During the period of weight gain, I started trying to eat normally again. Although I would still dread anything with fat in it (I’ve only started eating butter again in the last few years), I was eating more calories. But my metabolism must have slowed down dramatically after such a long ‘starvation period.’ I don’t think my party days in college helped this much either, where I developed drunken binge eating. That’s a whole different story.
Second semester of my junior year I sought to lose weight again, this time with 1000 calorie days. I lost a lot of weight quickly. I did add in cardio and a bit of weight training so I felt like I was doing it better. Working out was so hard for me back then.
Where I am now
To make the rest of this long story short, after graduating college I continued to fluctuate in periods of weight gain and laziness, dieting and working out. It wasn’t until around the time I started this blog that I got serious about getting in shape the healthy way.

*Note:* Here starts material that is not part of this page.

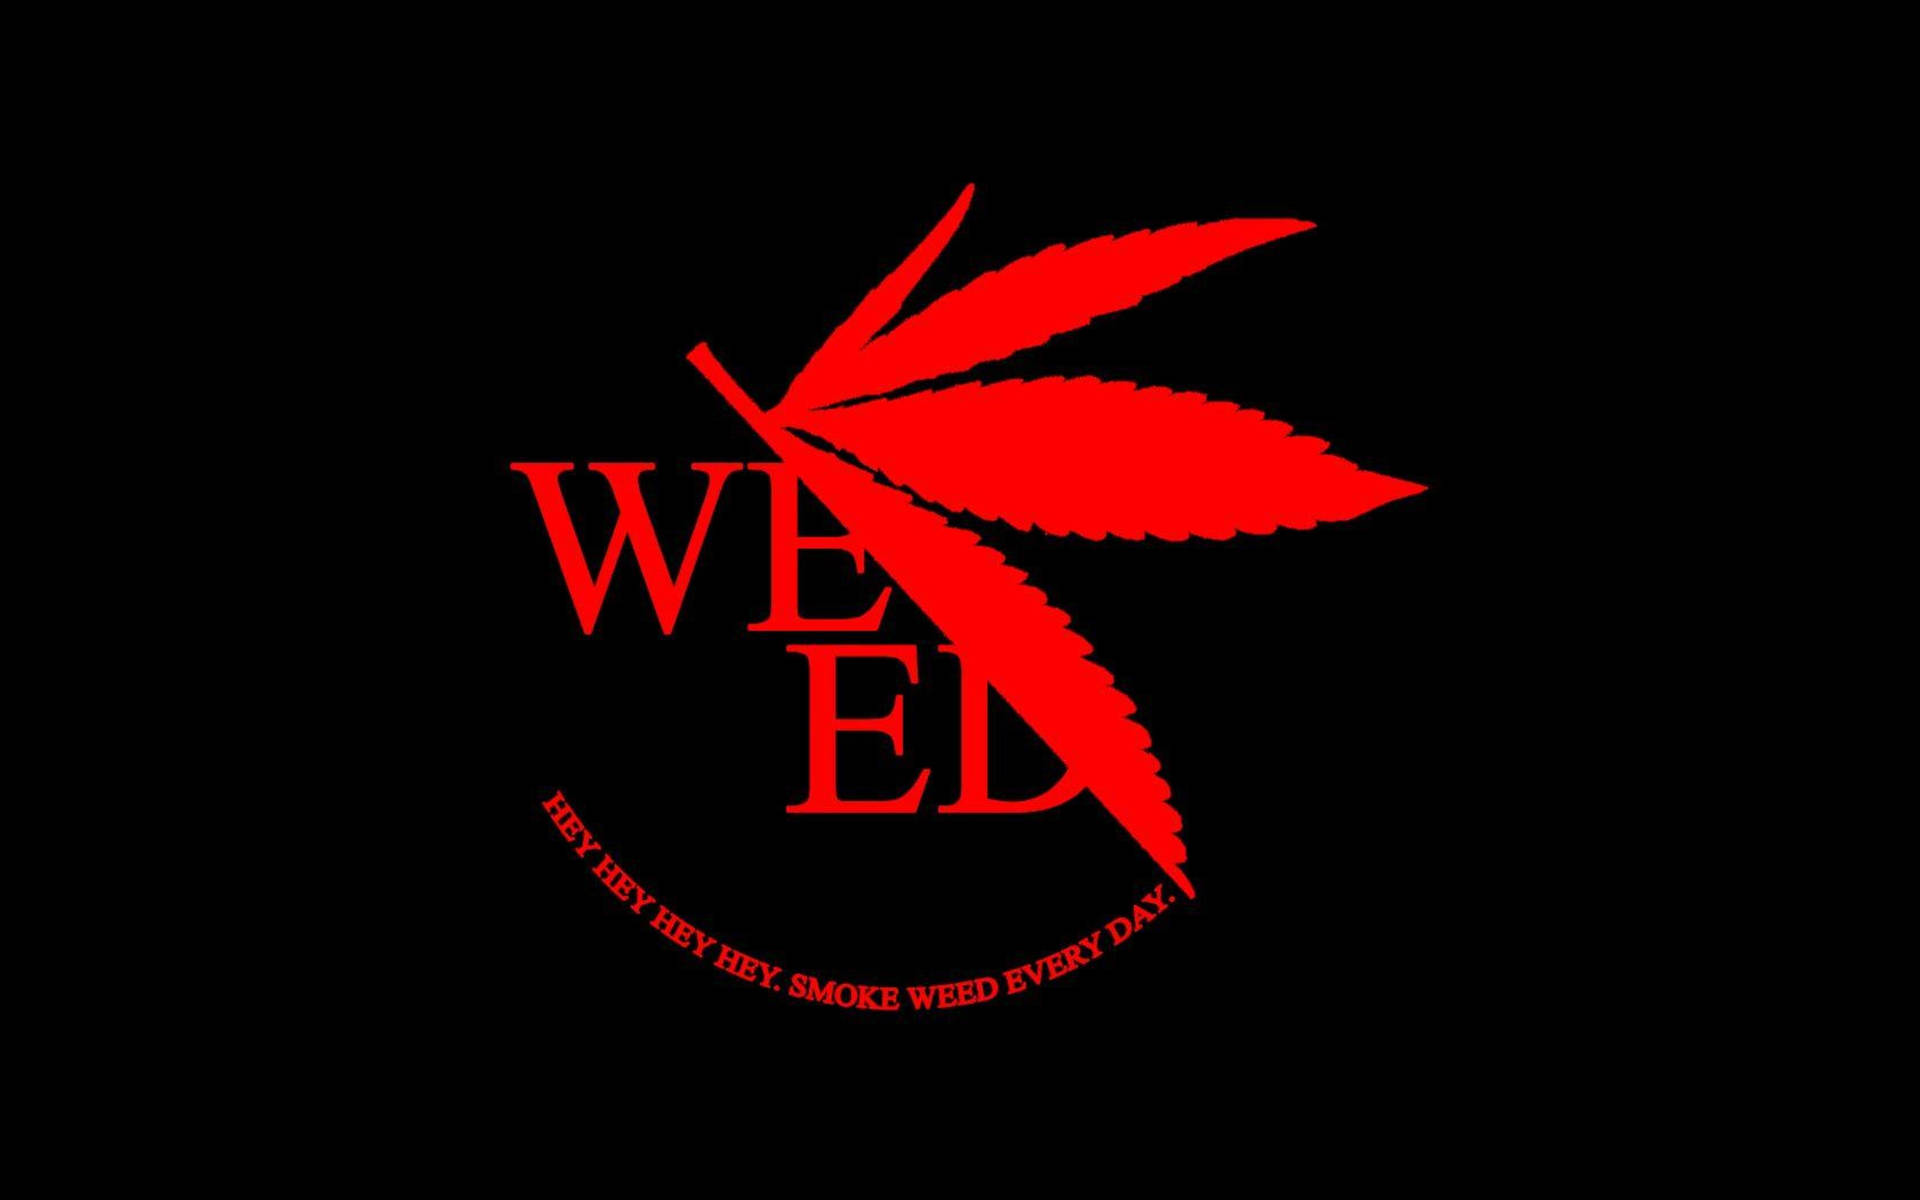 Get Ready To Blaze With This Bountiful Red Weed Background

So in regards to MyFitnessPal, I know that I will never follow the 1200 calorie diet plan. It’s my personal opinion that that is too low for a caloric intake for anyone. I do count calories when I am trying to get back on track, but I don’t get obsessed about it. I actually now get scared about having too low of a calorie intake. How’s that for a change of pace?
If you are following a low calorie diet, I will tell you to ‘proceed with caution.’ Don’t let the weight loss obsession catch up with you. If you find yourself starving all the time, eat more. If you’re working out a lot, make sure you are eating enough to compensate for that. On the flip side – for those of you who have done it, and then maintained a healthy lifestyle and healthy weight after dieting, that’s great too. If you have concerns about your diet, you should talk to doctor or specialist.
There is no golden set of rules for how many calories you need to eat to lose or maintain weight. It will be different for every person’s metabolism, job activity, and activity outside of work. And it’s likely to change often! Just try to stay in tune with what your body needs as best you can.